Your assignment> Beneath this instruction is a block of data; output from it exactly the lines that run from the one containing "Drupalのローカル環境を簡単に構築する方法" through the one containing "Das gelbe Ladensymbol", inclusive.

Data extract>
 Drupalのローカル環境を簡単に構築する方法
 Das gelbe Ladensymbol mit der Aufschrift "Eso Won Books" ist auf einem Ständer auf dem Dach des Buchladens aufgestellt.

* * *

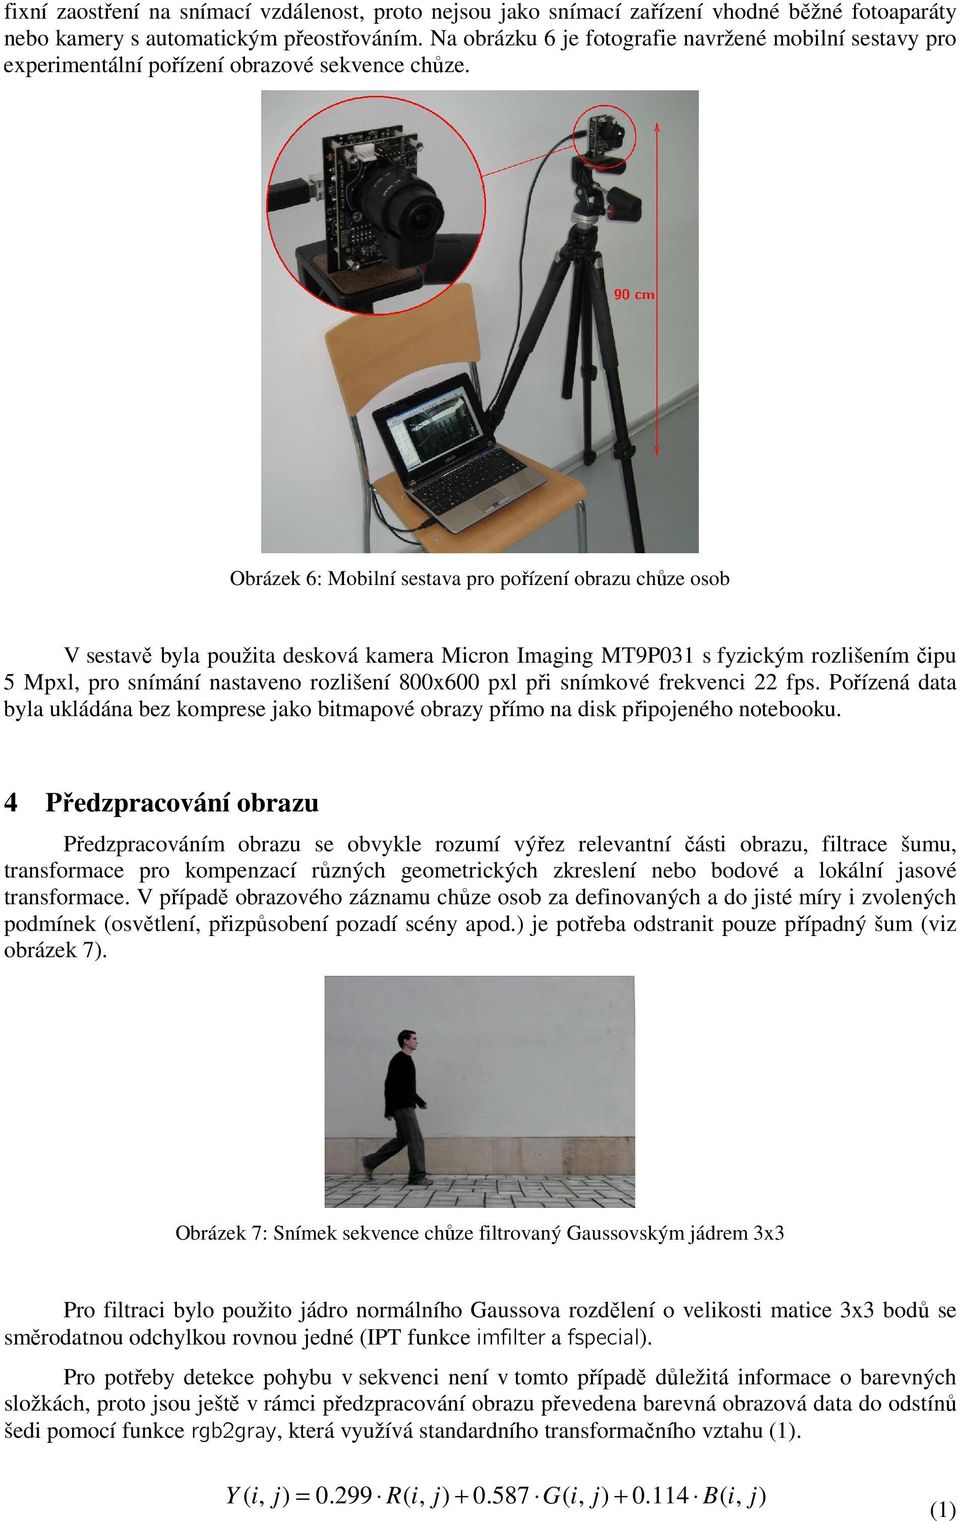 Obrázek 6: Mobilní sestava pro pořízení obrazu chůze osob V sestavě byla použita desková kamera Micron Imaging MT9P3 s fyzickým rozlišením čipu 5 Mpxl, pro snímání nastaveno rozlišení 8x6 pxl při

Your response>
 Drupalのローカル環境を簡単に構築する方法
 Das gelbe Ladensymbol mit der Aufschrift "Eso Won Books" ist auf einem Ständer auf dem Dach des Buchladens aufgestellt.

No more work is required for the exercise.